Justices’ review of partial-birth abortion ban encouraging
- Feb 28, 2006
The Ethics & Religious Liberty Commission and other pro-life organizations were encouraged when the U.S. Supreme Court announced Feb. 21 it will decide if a federal ban on partial-birth abortion is constitutional.
The justices will not hear oral arguments in the case, Gonzales v. Carhart, until their next term, which will begin in October.
The news provided pro-lifers with hope the high court will uphold the first restriction on a specific procedure since abortion was legalized 33 years ago. The justices will review a decision from the Eighth Circuit Court of Appeals striking down the Partial-birth Abortion Ban Act. The Eighth Circuit was one of three appellate courts in recent months to affirm lower court rulings invalidating the 2003 law.
The recent addition of Associate Justice Samuel Alito to the high court bolstered hopes the justices may permit the ban after striking down a state prohibition on the gruesome procedure in 2000. In that 5-4 ruling, Associate Justice Sandra Day O’Connor voted with the majority. She has retired, however, and been replaced by Alito, who was confirmed by the Senate in January.

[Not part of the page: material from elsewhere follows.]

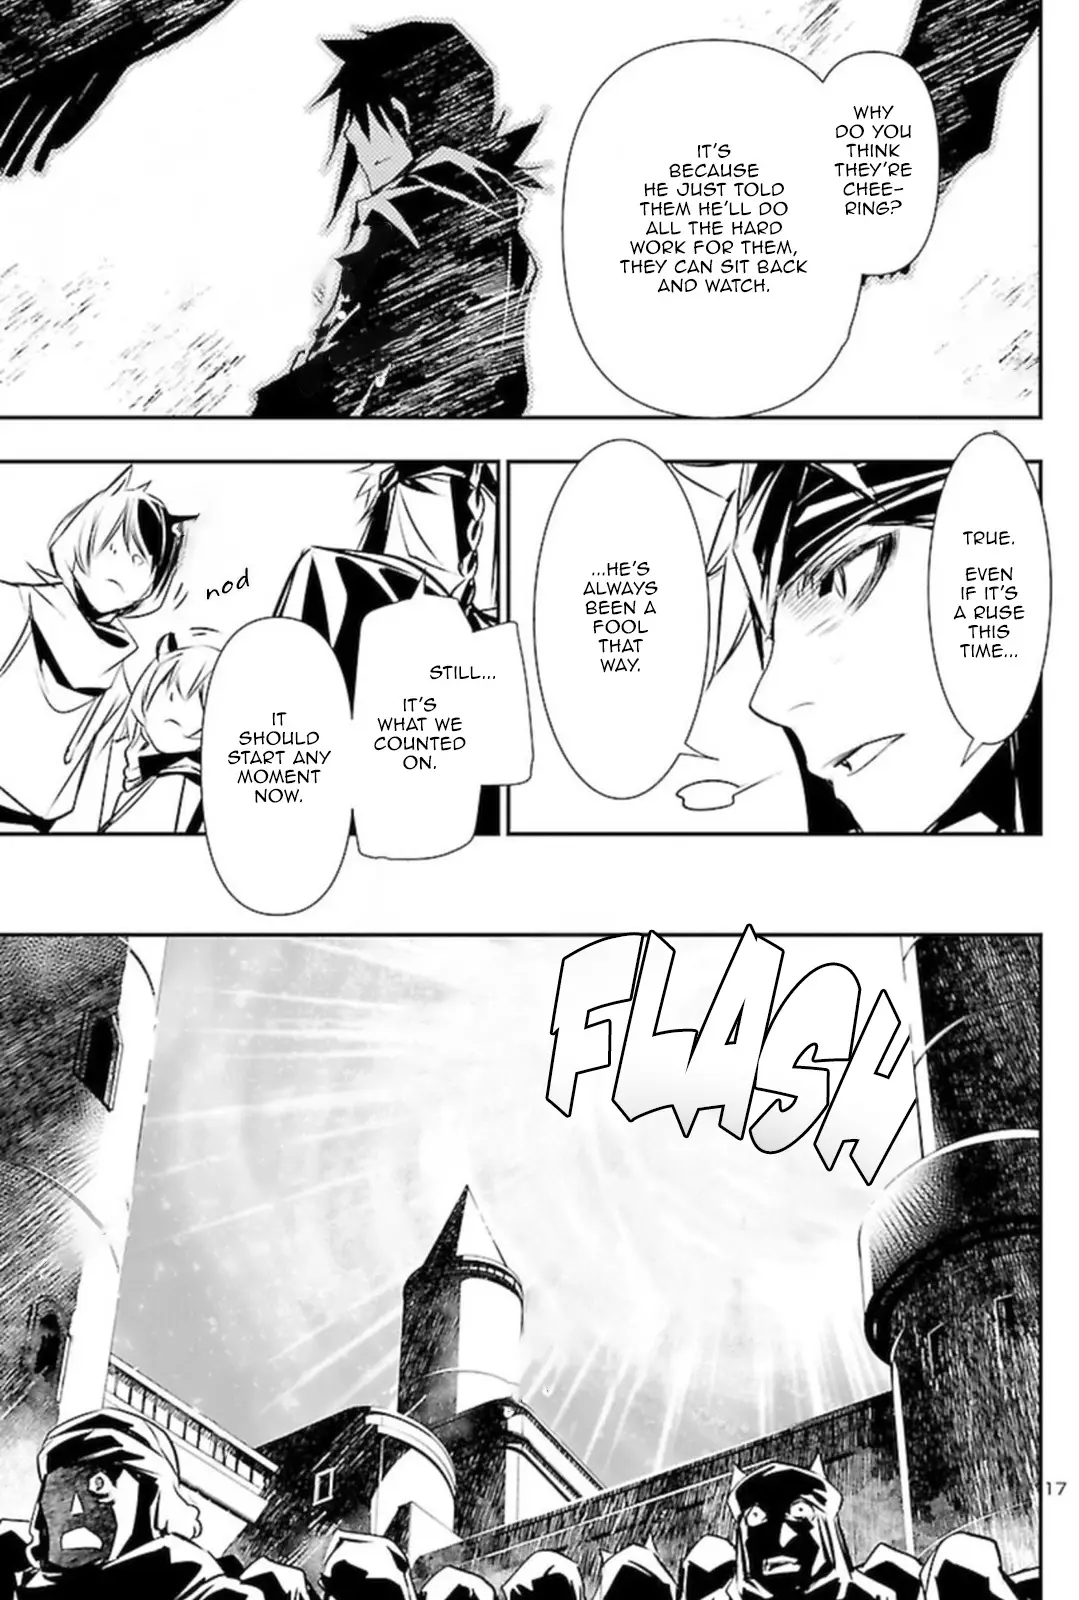 Shinju no Nectar - 68 page 17-1703ba3b

In addition to Alito, John Roberts also has joined the court since that opinion, replacing the late William Rehnquist as chief justice in September.
Rehnquist dissented in the 2000 ruling that invalidated Nebraska’s partial-birth abortion ban, and he was joined by three justices who remain on the court: Antonin Scalia; Anthony Kennedy, and Clarence Thomas. The addition of Roberts and Alito, who both have reputations for faithfulness to the constitutional text, sets up the possibility this time there will be five votes in favor of a prohibition on the technique.
“I am delighted the Roberts court has decided to take this case,” ERLC President Richard Land said, adding he hopes a ruling in favor of the ban “will be the first clear signal that the Roberts court will be much more protective of human life than its Rehnquist predecessor.”
The law in question bars a grisly procedure used by some doctors in which an intact baby is delivered normally feet first until only the head is left in the birth canal. The doctor pierces the base of the infant’s skull with surgical scissors, then inserts a catheter into the opening and suctions out the brain. The technique normally occurs in the fifth or sixth month of pregnancy.